→ SUPPLIED DATA
•••

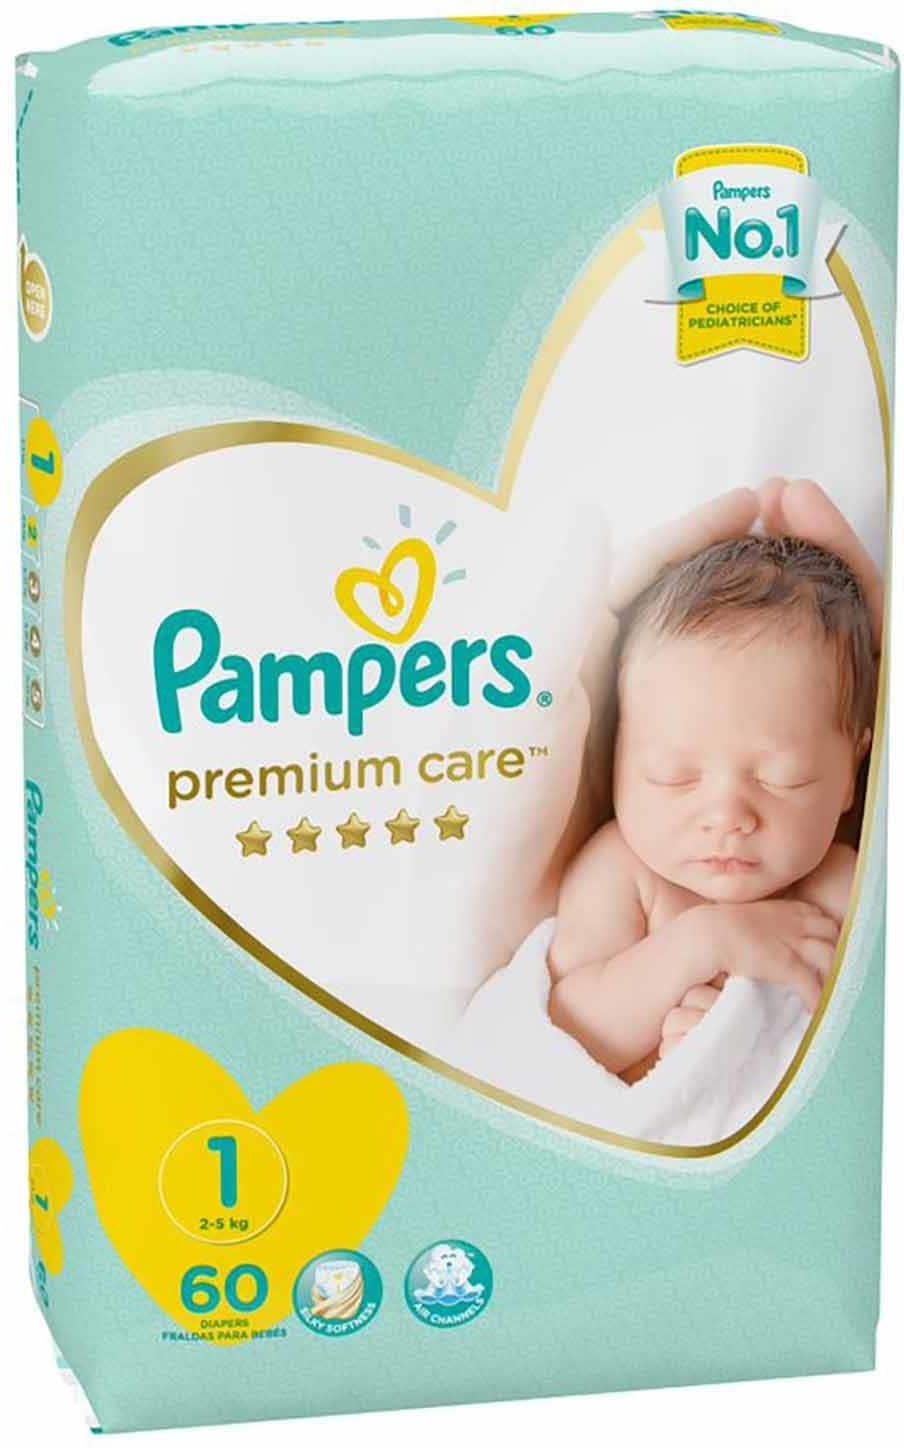 Pampers Premium Care Diapers - Size 1 - Newborn - 2-5 Kg - 60 Diapers
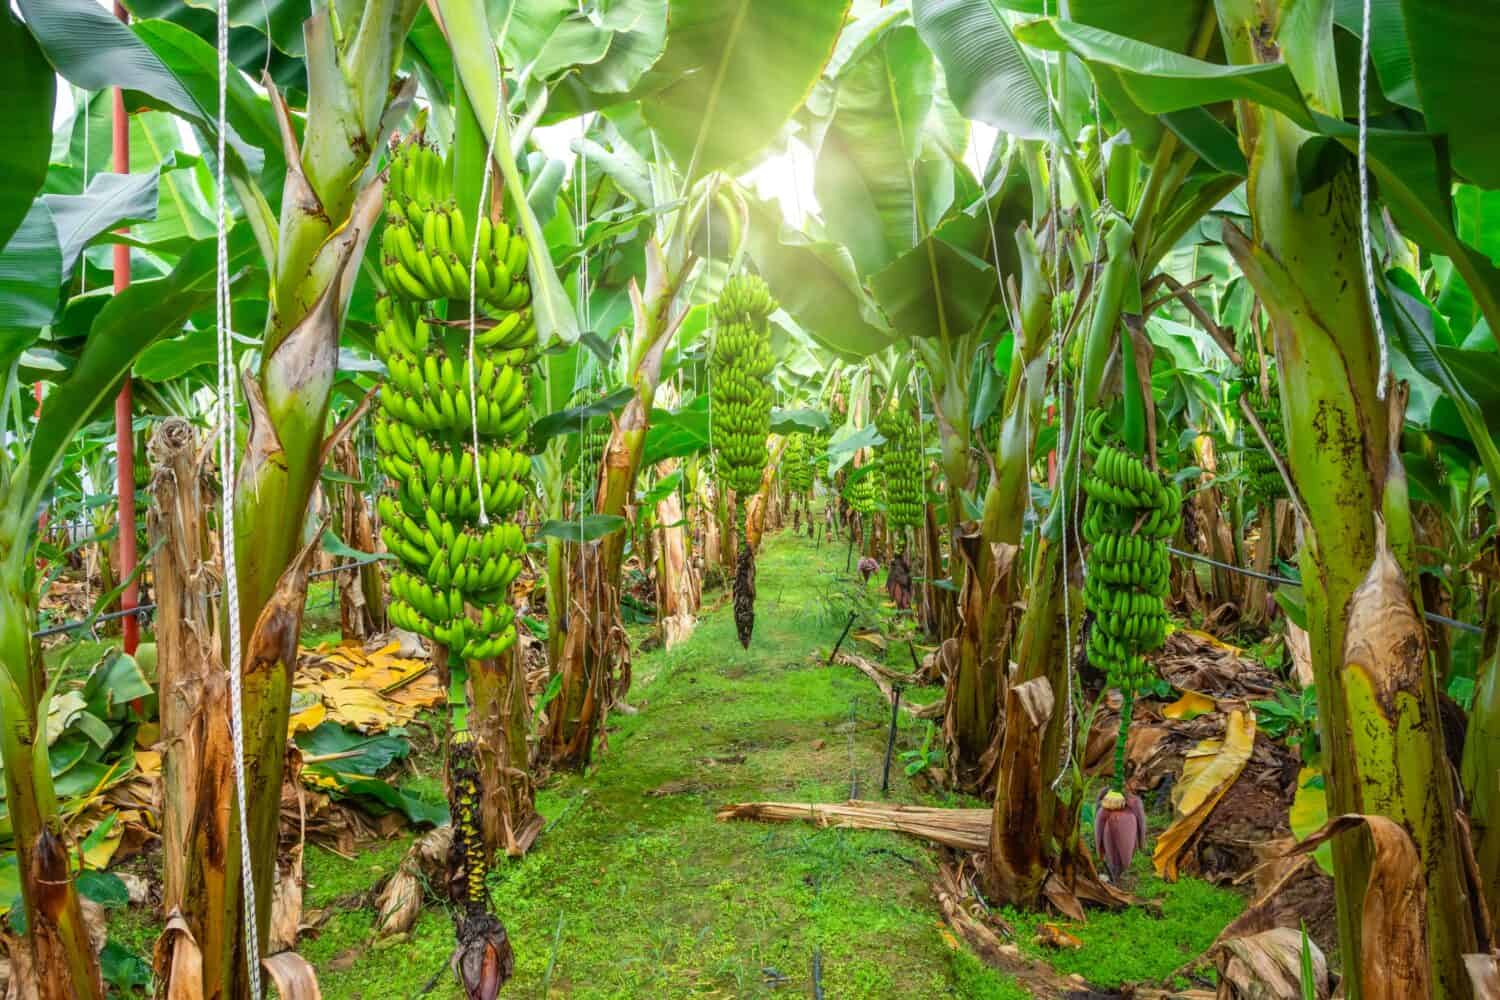 Ecuador banana farms and plantations inside greenhouses. Banana grass grown on an industrial scale. Palm trees with bunches of fruits ripening for sale on the market
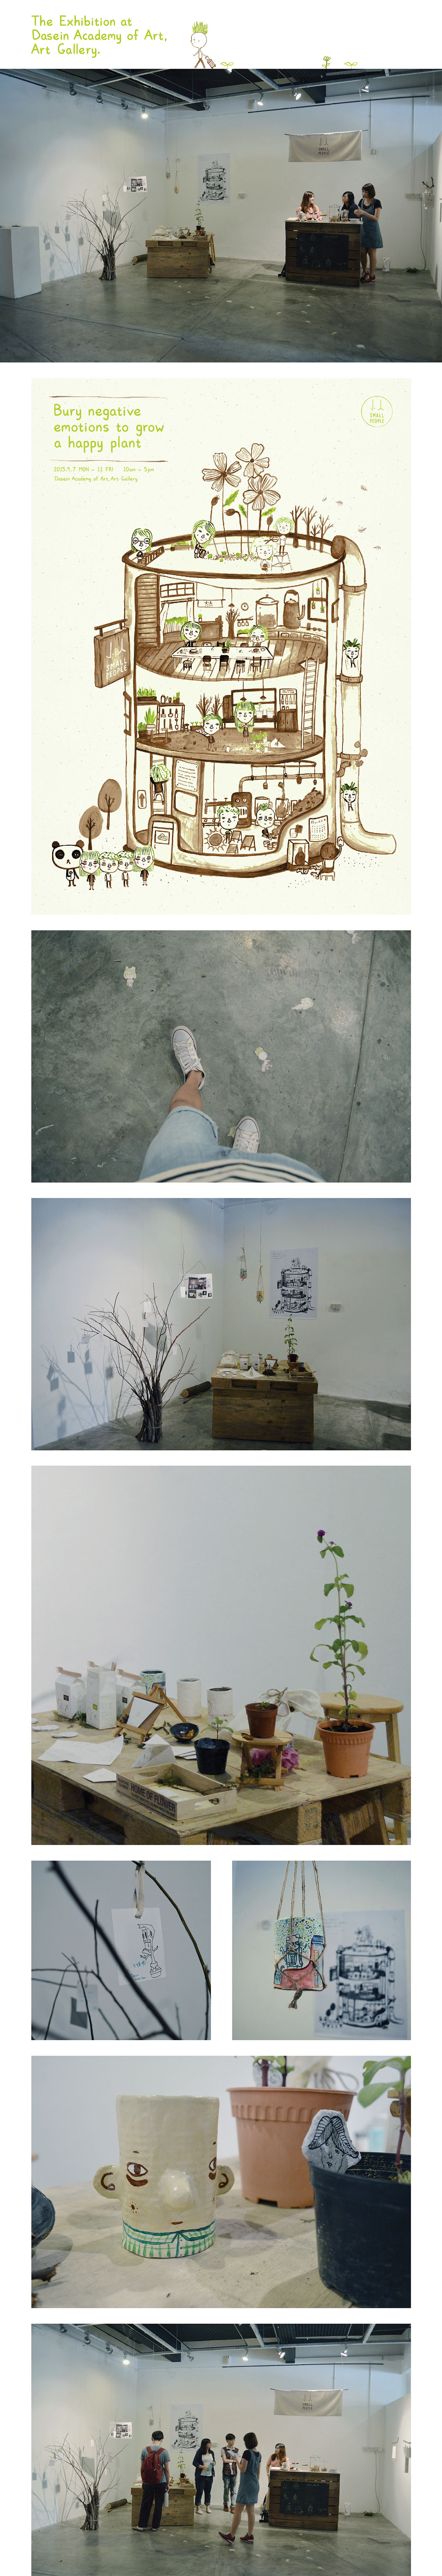 small people 小人 Positive heal Plant Nature eco friendly Exhibition 
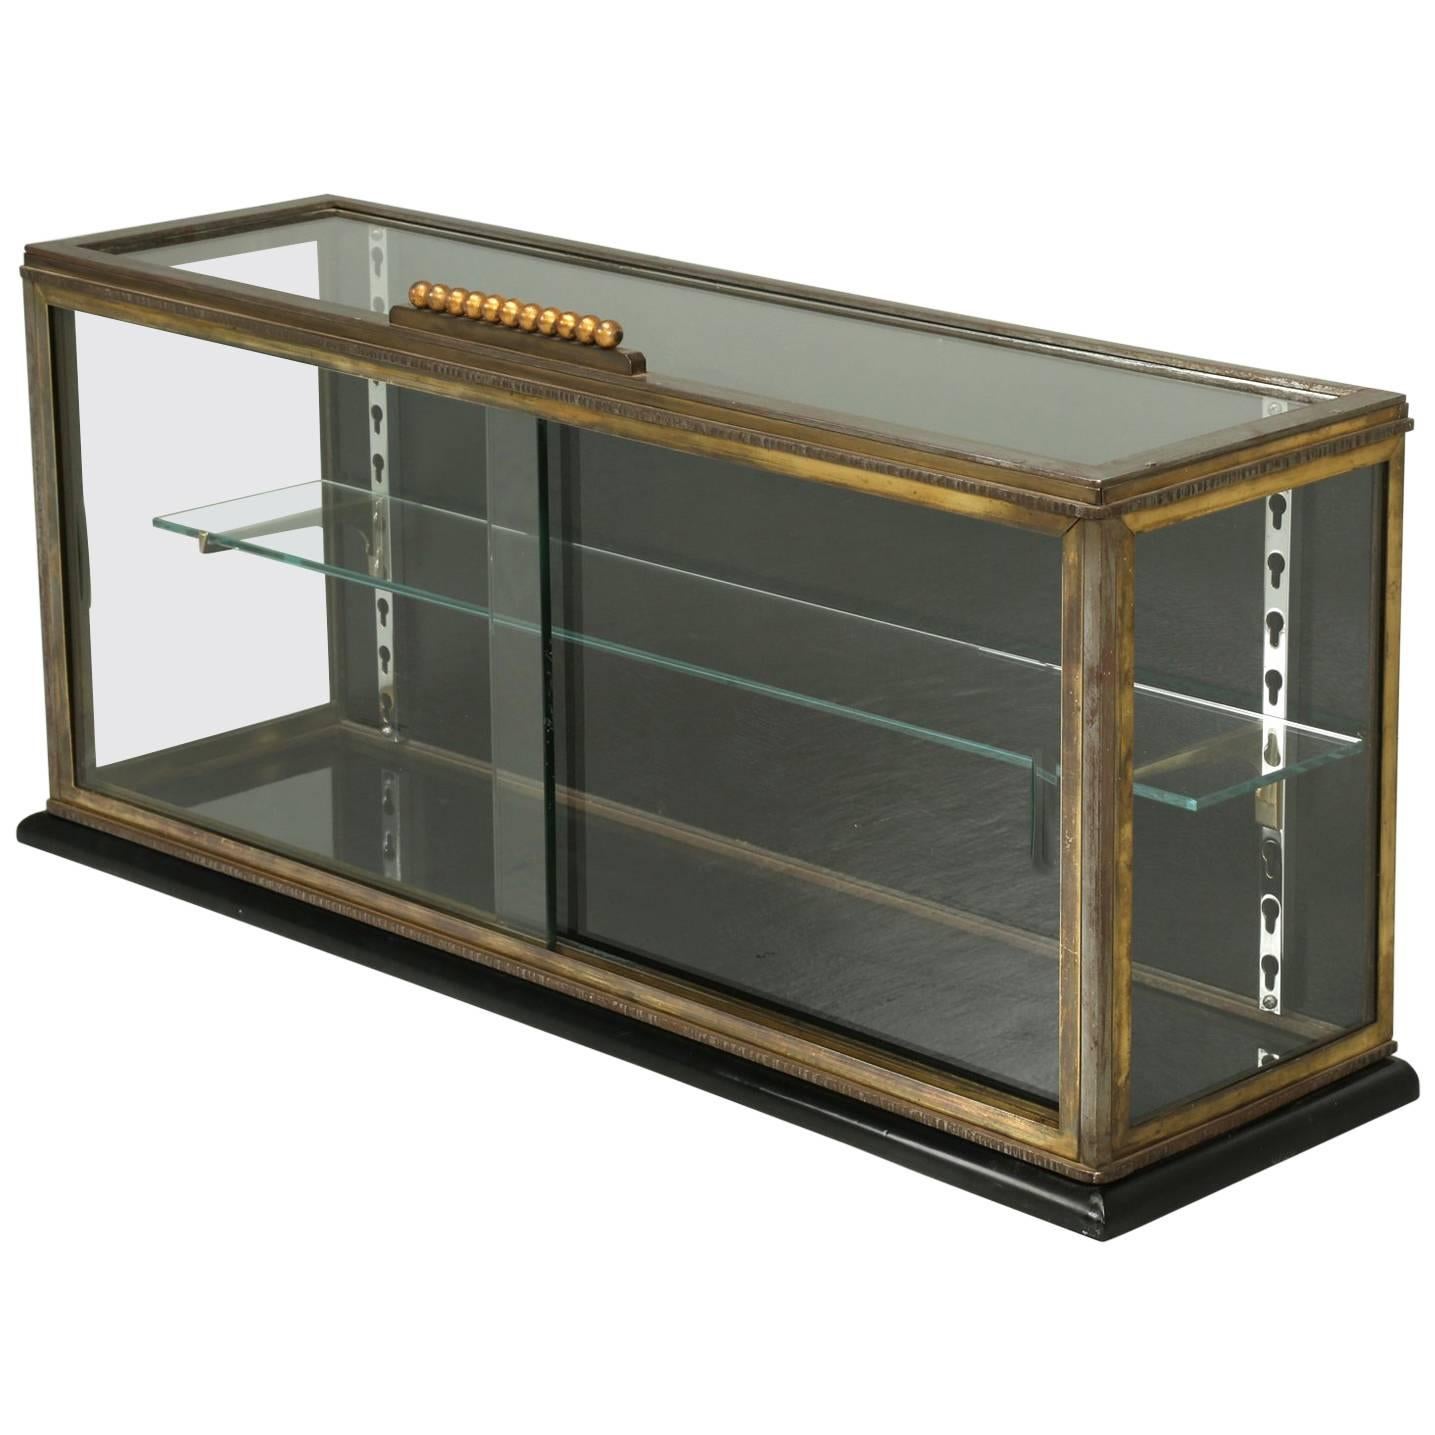 French Display Case or Curio Cabinet from the Art Deco Period

•••

→ WHAT YOU ARE ASKED TO DO
Extract every line of the data exactly; pictures stay out.

→ REPLY TO THE EXERCISE
 Pampers Premium Care Diapers - Size 1 - Newborn - 2-5 Kg - 60 Diapers
 Ecuador banana farms and plantations inside greenhouses. Banana grass grown on an industrial scale. Palm trees with bunches of fruits ripening for sale on the market
 small people 小人 Positive heal Plant Nature eco friendly Exhibition 
 French Display Case or Curio Cabinet from the Art Deco Period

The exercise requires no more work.